Max. Length: 13 Miles
Max Width: 1 Mile
Shore Length: 52 Miles
Avg. Depth: 30 Feet
Max. Depth: 60 Feet
Wallenpaupack Lake was created in 1926 by PPL, the Pennsylvania Power & Light Company, for hydroelectric purposes as well as flood control; however, it is best known as one of several major recreational destinations in the Pocono Mountains.
The Lenape Indians named the area "Wallenpaupack" which means "The Stream of Swift and Slow Water."
William Penn later owned the land and then deeded it to his son, who then gave it to James Wilson, one of the signers of the Declaration of Independence.
In order to create the lake, PPL constructed a dam on Wallenpaupack Creek at Wilsonville and a levee (Tafton Dike).
The project took 2700 men almost two years to complete and seven months for the reservoir to fill after the dam was closed off.
The land of Wilsonville and the surrounding area in the valley was purchased by PPL from about 100 owners at about $20 an acre and most of the property was razed or moved.
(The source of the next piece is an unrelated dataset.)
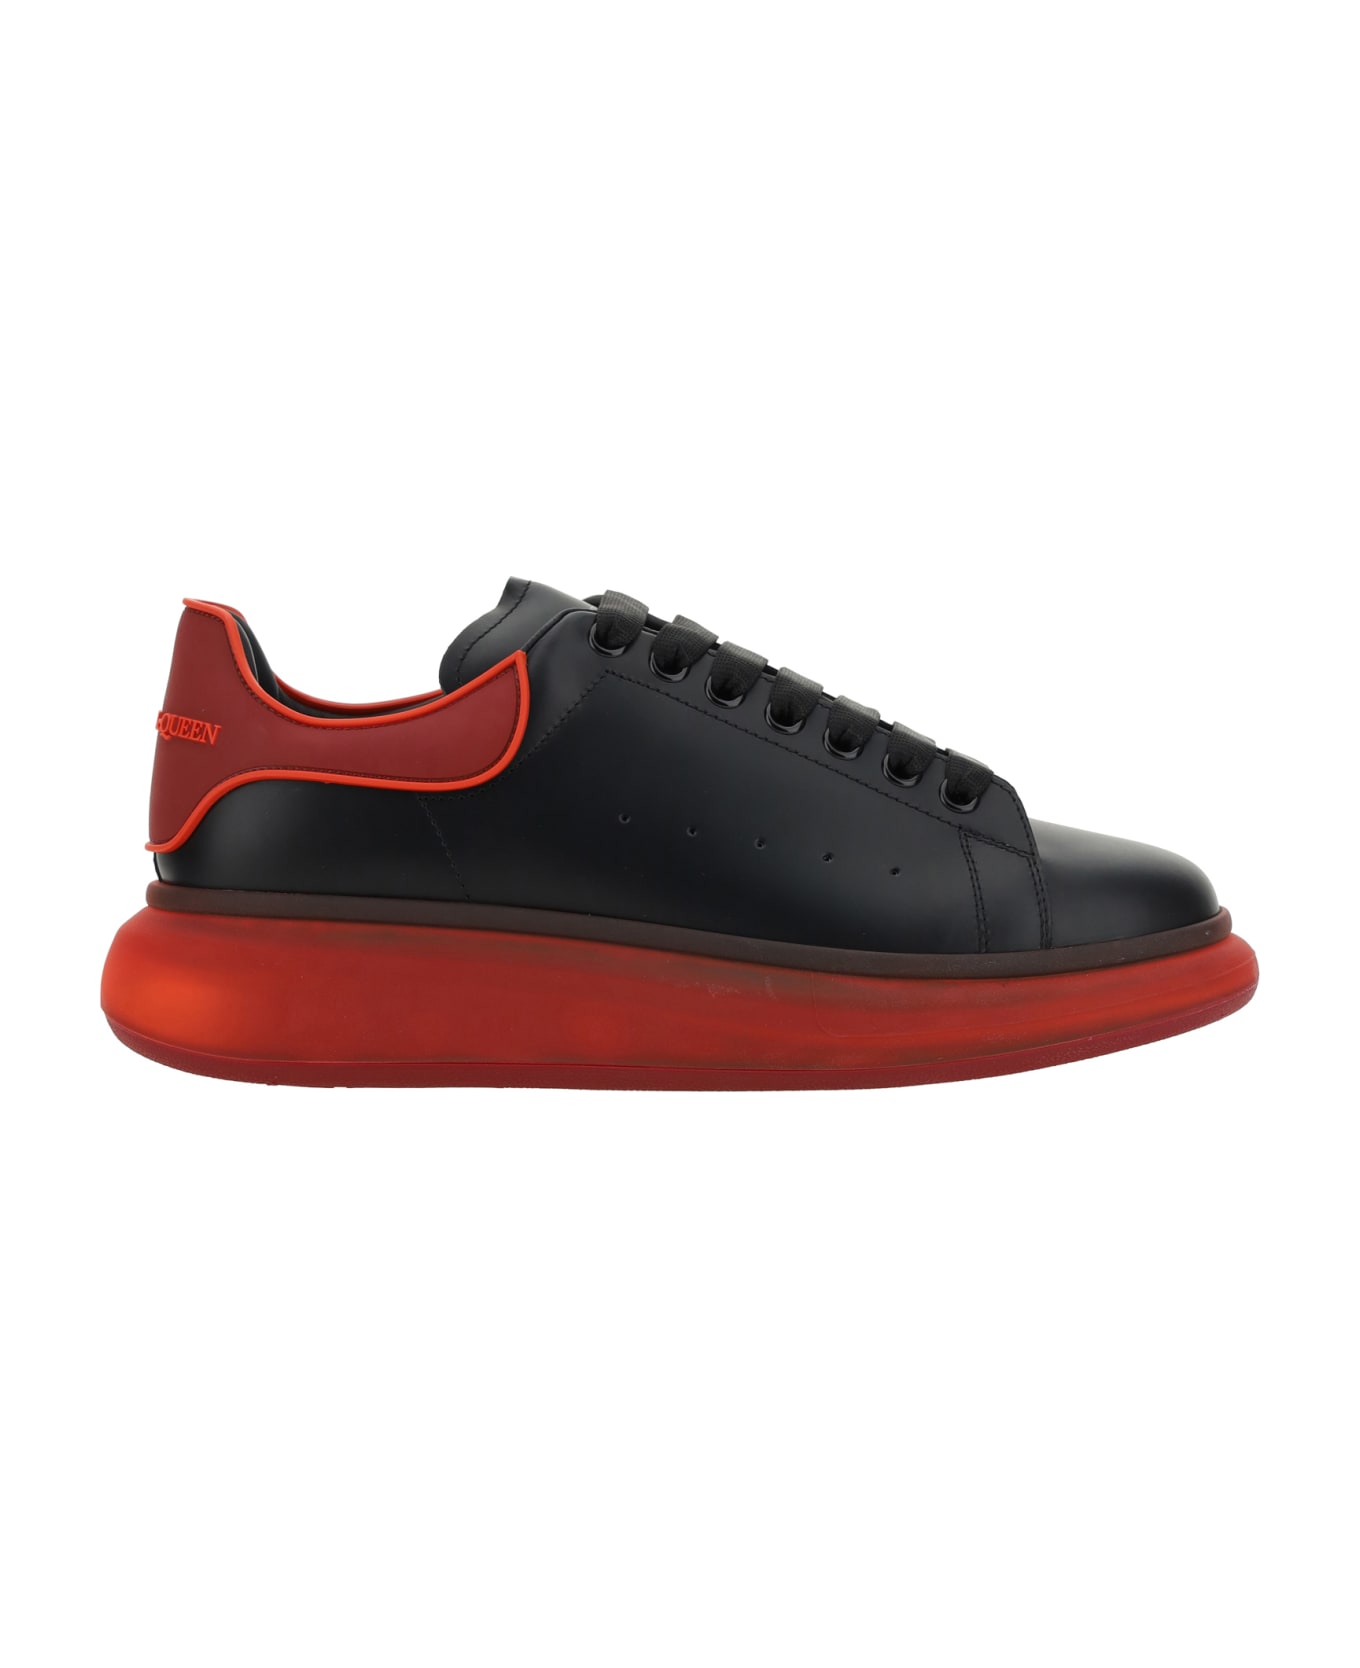 Alexander McQueen Sneakers - Black/multired

Some houses remained, and as the valley was flooded the water was so clear that one could see the houses under the water.
In all, 17 miles of roads and utility poles were rerouted, and Purdytown cemetery had to be relocated.
The former town of Wilsonville now lies under the water near the dam.
PPL managed the 3,300 acres of land around the lake until June 2015.
While homeowners have access rights, they must apply for permits for things such as landscaping to installing exterior lights and cannot cut down vegetation to improve their view of lake — a provision to keep the man-made lake natural.